LOGINThe Move
It was the same thing over again, the same dream. The same eyes followed me for over half of my life, at this point I didn't even feel like a nightmare anymore. It felt like a memory.
I wake up two minutes before my seven am alarm. Because of course I do, that’s who I am now—neurotic, sleep-deprived, and haunted by dreams that always feel too real.
I lie still, staring at the faded glow-in-the-dark stars that Gran stuck to the ceiling for my seventh birthday.
We move today..
Today, I leave everything I’ve ever known behind. The anxiety surrounding this hasn’t let me forget that for a single second since gran barged into my room a few weeks ago and announced that she’d put our home on the market.
First came the dreams—different monsters with red eyes. Then came sleepwalking, gran had to put a bolt on the top of every single door in the house so I didn’t wander off in the middle of the night. Last week I broke out in hives just thinking about walking into a new school where I don’t know anyone.
“Saxa! Gran’s voice calls out from downstairs. Her usual cheerful sing-song.
Groaning, I roll out of bed, dragging my feet as I get dressed. Might as well take my time—it’s the last morning I’ll ever spend in this room. This house won’t be ours anymore after today.

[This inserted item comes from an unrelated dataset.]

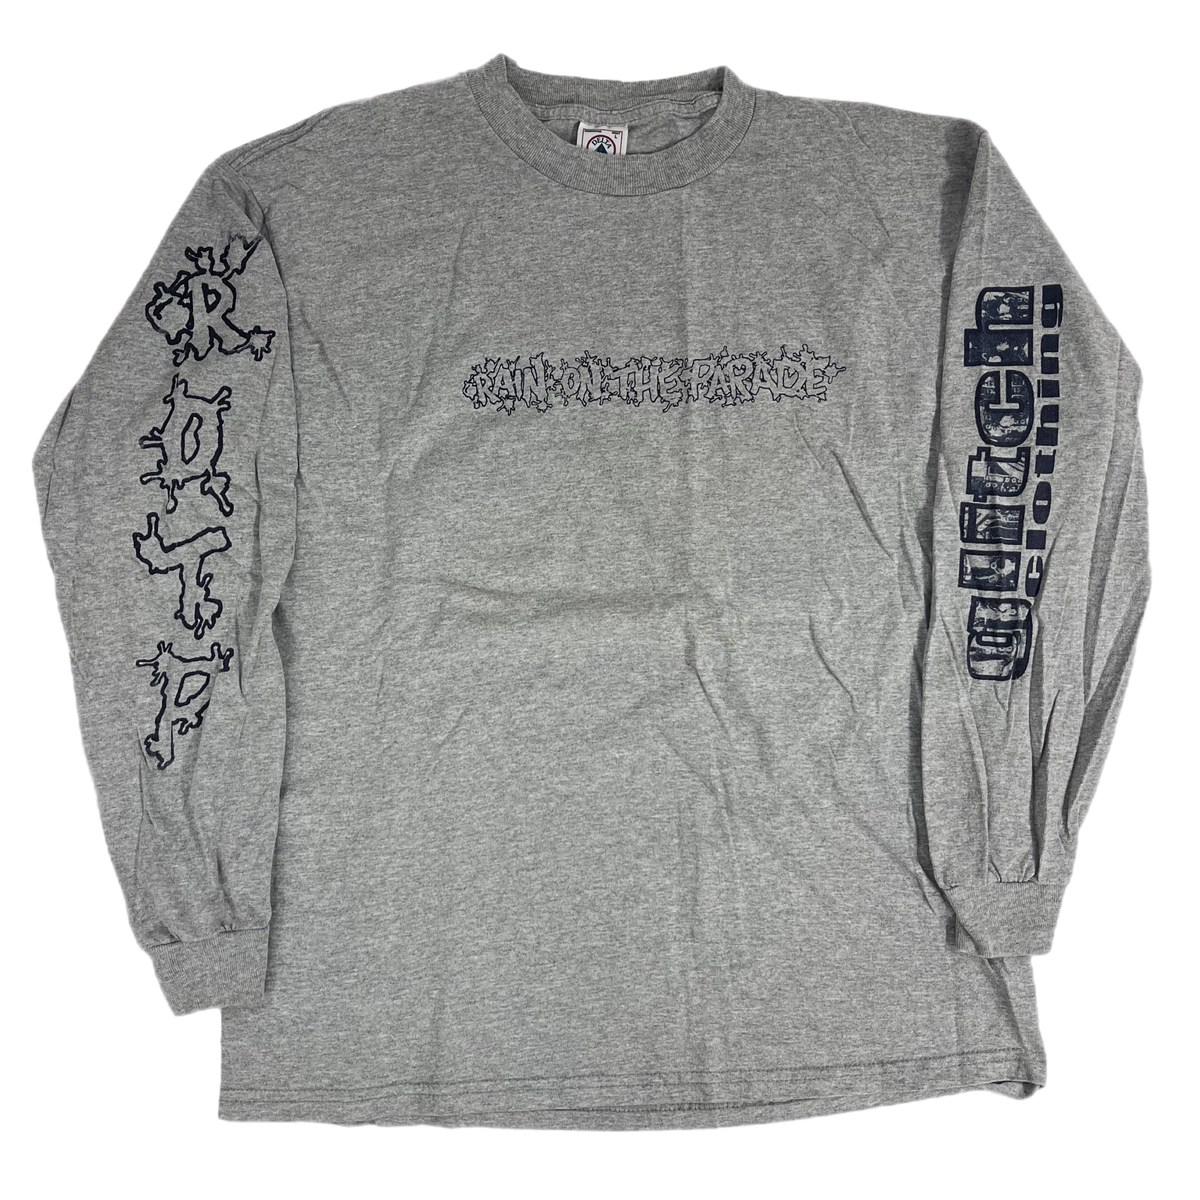 Vintage Rain On The Parade &quot;Glitch Clothing&quot; Long Sleeve Shirt

I pause at my window, staring down at the bright red SOLD sign stabbed into our front lawn. A weight settling in my chest..
We’ve lived in Connecticut for as long as I can remember. It was my parents home, the only place I’ve ever felt close to them. Leaving feels like losing the only piece I’ve ever had.
They died when I was just a few weeks old, car crash.
No survivors.
Gran said the doctors did everything they could.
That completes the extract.